Now, we will discuss one aspect of data wrangling using pandas objects. Many data analyses required combining different data sources.

These operations can require straightforward concatenation of two or three different datasets to more complicated database-style joins and merges to correctly handle overlaps between datasets. 


---


Recall that pandas ``Series``s and ``DataFrame``s:
- allow fast and straightforward data wrangling 
- includes helpful, built-in functions for data wrangling


---


There are four main methods for combining different datasets:

*  `concat()` gives the flexibility to join based on the axis (all rows or all columns)

*  `append()` is the specific case of `concat(axis=0, join='outer')` and creates a new pandas object. Note: this doubles the resources utilized.

*  `join()` is based on the indexes (specified by `set_index`) on the variables `left`,`right`,`inner`, and `outer`

*  `merge()` is based on the user-defined column from each of the two dataframes based on variables like `left_on`, `right_on`, `on`


In [None]:
# Again, let's import the packages we need
import pandas as pd
import numpy as np

In [None]:
# And create a toy DataFrame to get us started:
def make_df(cols, ind):
    data = {c: [str(c) + str(i) for i in ind]
            for c in cols}
    return pd.DataFrame(data, ind)

make_df('ABCDE', range(5))

Unnamed: 0,A,B,C,D,E
0,A0,B0,C0,D0,E0
1,A1,B1,C1,D1,E1
2,A2,B2,C2,D2,E2
3,A3,B3,C3,D3,E3
4,A4,B4,C4,D4,E4


In [None]:
# We haven't talked about displaying objects. To make comparisons easier, we'll
# create a class that allows us to display multiple DataFrame's side by side. 
# Don't worry about this code. It's to help display data within this notebook.

class display(object):
    template = """<div style="float: left; padding: 10px;">
    <p style='font-family:"Courier New", Courier, monospace'>{0}</p>{1}
    </div>"""
    def __init__(self, *args):
        self.args = args
        
    def _repr_html_(self):
        return '\n'.join(self.template.format(a, eval(a)._repr_html_())
                         for a in self.args)
    
    def __repr__(self):
        return '\n\n'.join(a + '\n' + repr(eval(a))
                           for a in self.args)
    

## Recall: Concatenation of NumPy Arrays
NumPy ndarrays can be concatenated via the ``np.concatenate()`` function, which combines the contents of two or more arrays into a single array:

In [None]:
# Here we have 3 Python lists that we will concatenate using NumPy
x = [1, 2, 3]
y = [4, 5, 6]
z = [7, 8, 9]
np.concatenate([x, y, z])

array([1, 2, 3, 4, 5, 6, 7, 8, 9])

In [None]:
# Note: The `axis` keyword is used here to specify the axis for concatenation:
# The default axis=0 denotes rows while axis=1 denotes columns
x = [[1, 3],
     [5, 4]]
np.concatenate([x, x], axis=1)

array([[1, 3, 1, 3],
       [5, 4, 5, 4]])

## Part 1. Simple Concatenation with ``pd.concat()``

The pandas function ``pd.concat()`` is similar in syntax to ``np.concatenate()`` with many additional options and can be used on both `DataFrames` and `Series`. The keyword `join` is borrowed from relational databases.
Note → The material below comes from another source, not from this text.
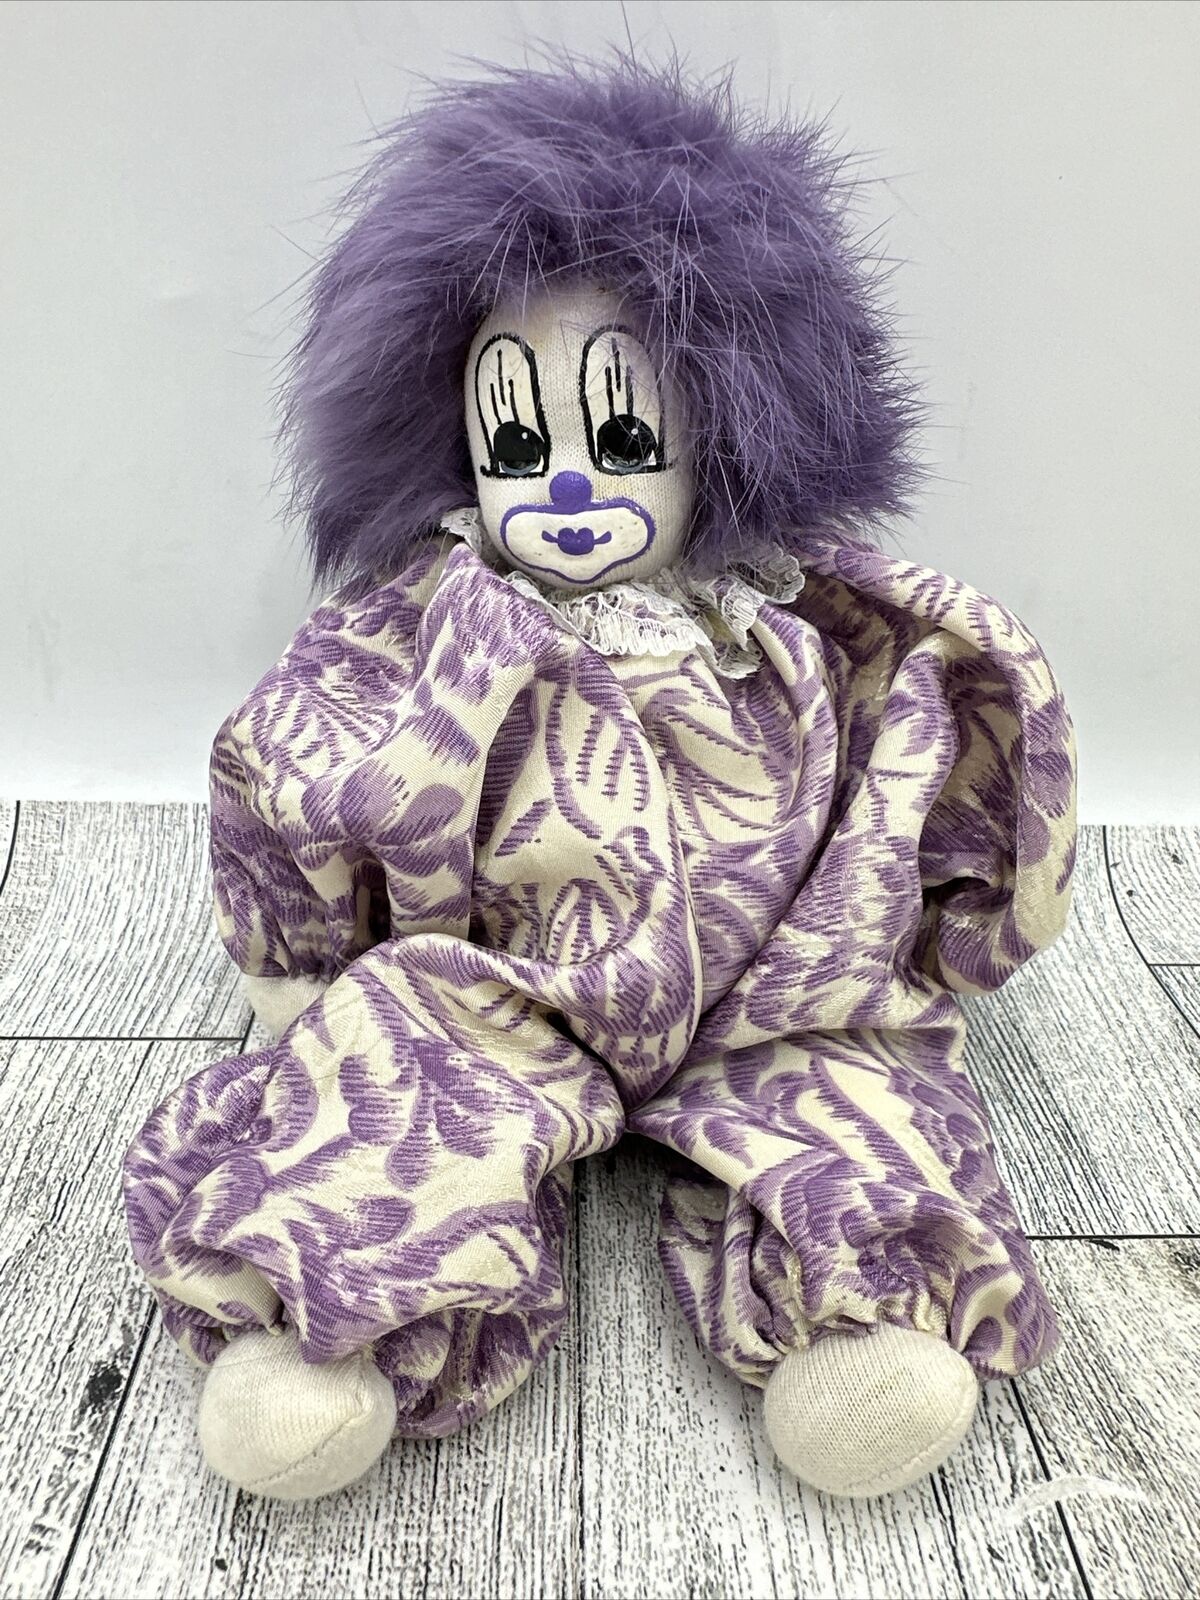 Vintage Q-Tee Clown Doll Figure Purple Floral 8 Inches Long Dark Hair

We'll explore this situation in a [later section](#joins).

```python
# Function call in Pandas v0.18
pd.concat(objs, axis=0, join='outer', join_axes=None, ignore_index=False,
          keys=None, levels=None, names=None, verify_integrity=False,
          copy=True)
```




In [None]:
# Example - Concatentate 2 pandas Series
# Note: Objects to be concatenated are enclosed in a Python list
ser1 = pd.Series(['A', 'B', 'C'], index=[1, 2, 3])
ser2 = pd.Series(['D', 'E', 'F'], index=[5, 6, 7])
pd.concat([ser1, ser2])

1    A
2    B
3    C
5    D
6    E
7    F
dtype: object

In [None]:
# Example - Concatenate 2 pandas DataFrames:
df1 = make_df('AB', [1, 2])
df2 = make_df('AB', [3, 4])

display('df1', 'df2', 'pd.concat([df1, df2])')
# Points to ponder: 
# Can you concatenate a Series with a DataFrame?
# Is there a simpler way to achieve this result?

Unnamed: 0,A,B
1,A1,B1
2,A2,B2

Unnamed: 0,A,B
3,A3,B3
4,A4,B4

Unnamed: 0,A,B
1,A1,B1
2,A2,B2
3,A3,B3
4,A4,B4


In [None]:
# Note: By default, concatenation happens row-wise within the DataFrame 
# We can explicitly chose how we concatenate by declaring an axis: 
# (i.e., axis=0 denotes rows and axis=1 denotes columns).
df3 = make_df('AB', [0, 1])
df4 = make_df('CD', [0, 1])

display('df3', 'df4', "pd.concat([df3, df4], axis=1)")

Unnamed: 0,A,B
0,A0,B0
1,A1,B1

Unnamed: 0,C,D
0,C0,D0
1,C1,D1

Unnamed: 0,A,B,C,D
0,A0,B0,C0,D0
1,A1,B1,C1,D1


### Duplicate indices

In [None]:
# Note: An important difference between np.concatenate() and pd.concat() is that
# pandas' concatenation *preserves indices*, even if result has duplicate indices:
x = make_df('AB', [0, 1])
y = make_df('AB', [2, 3])

# Force duplicate indices
y.index = x.index   

# Now what happens when we concatenate?
display('x', 'y', 'pd.concat([x, y])')

Unnamed: 0,A,B
0,A0,B0
1,A1,B1

Unnamed: 0,A,B
0,A2,B2
1,A3,B3

Unnamed: 0,A,B
0,A0,B0
1,A1,B1
0,A2,B2
1,A3,B3


Notice the repeated indices in the result.
While this is valid within ``DataFrame``s, the outcome is often undesirable.
``pd.concat()`` gives us a few ways to handle it.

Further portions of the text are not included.